The AIM Network

The 3 Cs: Collusion, Corruption and the Coalition

Image from thenewdaily.com.au (AAP photo)

Don’t get me wrong.

I do not think for one moment that the Coalition parties are the only political parties in Australia which lack integrity, transparency and a desire to benefit the electors more than themselves.

However, on Thursday 13/02/20, during the Senate inquiry into the sports grant awards, the following, fairly lengthy, exchange, as reported in Crikey Daily on Friday 14/02/20, took place between Senator Abetz and Brian Boyd, an Executive Director in the Auditor General’s Office:

‘SENATOR ERIC ABETZ (Liberal Senator for Tasmania): ” … I seek to clarify, you did find that no ineligible project or application was funded?”

BRIAN BOYD: “No Senator that’s not what we found. So if you go to the start of chapter three, which is the chapter on assessment, the finding there was ‘ineligible applications were identified and no applications assessed as ineligible were awarded grant funding’.

“So that’s the Sport Australia eligibility assessment process. What then happened subsequently was there’s applications, late applications were taken on board, which were ineligible under the guidelines.

“Amendments were made for existing applications which were ineligible under the guidelines and they were funded.

“But at the time – this relates to the Sport Australia assessment process. Sport Australia removed from its list those assessed as ineligible – that’s what that finding is.

“Subsequent to that there were the five new applications, the four amended applications. And then because things took longer – because you are now running two rounds, rather than three, and funding agreements are in place – you had eight projects where, according to the details provided by the proponent, the project had been completed before the funding grant was signed. They’re ineligible under the program.

“And there were 270 something where the project had started before the funding agreement was signed, which is also ineligible under the program. So we get to around 43% of those which were awarded funding, by the time the funding agreement signed, were ineligible.”’

It will be really interesting in due course to actually read in full what is revealed to the Senate Inquiry concerning the extent of communication between the PM’s office and the Sports Minister and the inquiry by Phil Gaetjens. The latter has clearly been significantly paraphrased by the PM in reporting the findings to Parliament.

We already know that this is not the first time that slush funding for sporting bodies in the run up to an election has been abused. Ros Kelly, the 1993 Labor Sports Minister was forced out of office in 1994 and later resigned from Parliament altogether.

First as a university lecturer and later as a lawyer, I have served on three different University Human Research Ethics Committees, which have really strict guidelines. Those guidelines apply whether the research is medical – where they are even stricter – or in social science areas but still collecting date from human beings. In the veterinary sciences there are similar research ethics committees.

As a lawyer, a compulsory unit of study is ethics and I doubt that is the only discipline area to which this applies. Most professions have requirements regarding continuous reaccreditation, as I know from first-hand experience both as a lawyer and as a mediator, and most also have disciplinary bodies with the power to limit or prevent practice by a member of that profession.

Yet when it comes to politics – it is horribly clear that anything goes!

Thus we have to drag a government, kicking and screaming, to a Royal Commission, when it comes to issues like banking and aged care, where poor regulation and supervision can be literally a life and death situation and where the terms of reference seldom fully encompass the needs for enquiry and the following up is seldom effected satisfactorily.

Why?

Because politicians of most flavours receive party donations on a significant scale which discourages them from being too critical to the donors.

Why else did we wait so long for smoking to be curtailed?

Why else are we still waiting for action on phasing out fossil fuels?

And what is the background of most politicians?

Once upon a time, politicians had a wide variety of backgrounds, and usually some work-life experience before entering politics.

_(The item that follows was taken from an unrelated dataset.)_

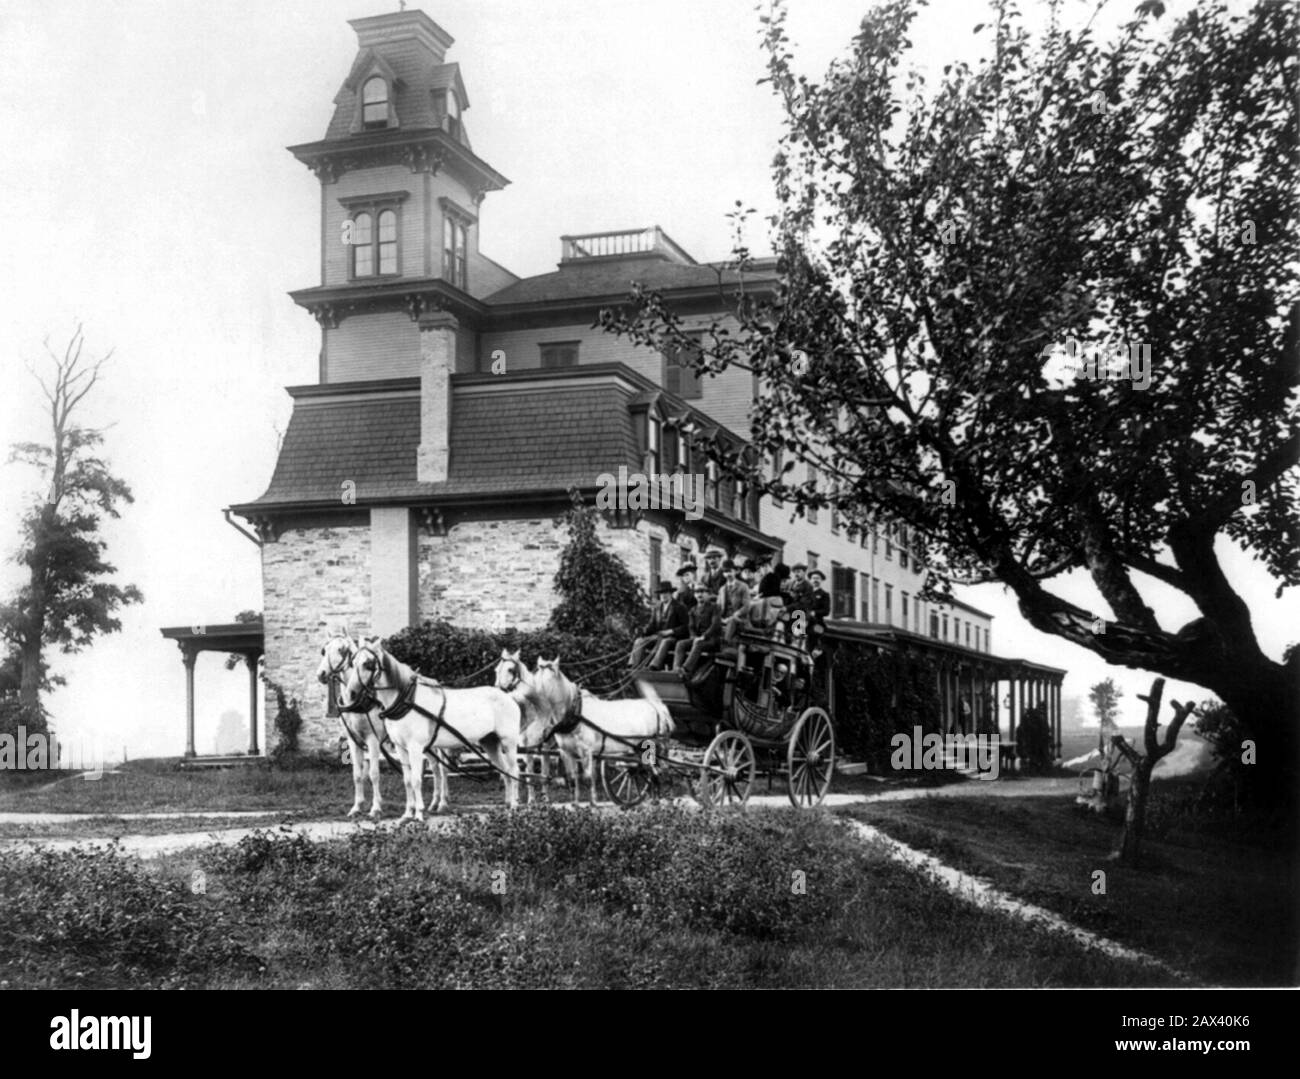 1889 , Adirondack Mountains , USA : Au Sable Chasm . Lake View House   , by photographer S.R. Stoddard , Glens Falls, N.Y. - STATI UNITI  D' AMERICA  - FOTO STORICHE - Countryside - HISTORY PHOTOS - CASA - HOME - ABITAZIONE -  country - campagna - FAMILY - FAMIGLIA -  ARCHITECTURE - ARCHITETTURA - GEOGRAFIA - GEOGRAPHY - GARDEN - GIARDINO - albero - tress - cavalli bianchi - white horses - carrozza - diligenza - couch - tourism - tourists - turista - turisti  - AMERICAN GOTHIC STYLE - STILE GOTICO AMERICANO - porch - porticato - portico - nebbia - fog - horror - atmosfera dell' orrore ----  Ar Stock Photo

Nowadays we still have a significant number of lawyers – which is a mixed blessing! – but are represented mainly by political apparatchiks who have spent most of their adult lives to date in a political party environment.

On the pretext that they have nobly abandoned a lucrative career in order to work for the common good, they vote themselves generous-to-a-fault superannuation schemes which the average working person could only dream of and have generous allowances, claims for which depend on their integrity.

I am leaving out a lot of detail here, because most of us who ever stop to look closely at politics know only too well that the balance between public duty and personal benefit leaves none of them short changed.

So – where are we?

Looking back over the last few years, I would sum it up like this:

We have a prime Minister who is not interested in honesty, does not seek the best for the Australian people, and has a single focus which is keeping his party – and himself – in power.

Integrity? MIA.

Transparency? MIA.

Suitability for office? Absolutely none!

Once more – this is my 2020 new Year Resolution:

“I will do everything in my power to enable Australia to be restored to responsible government.”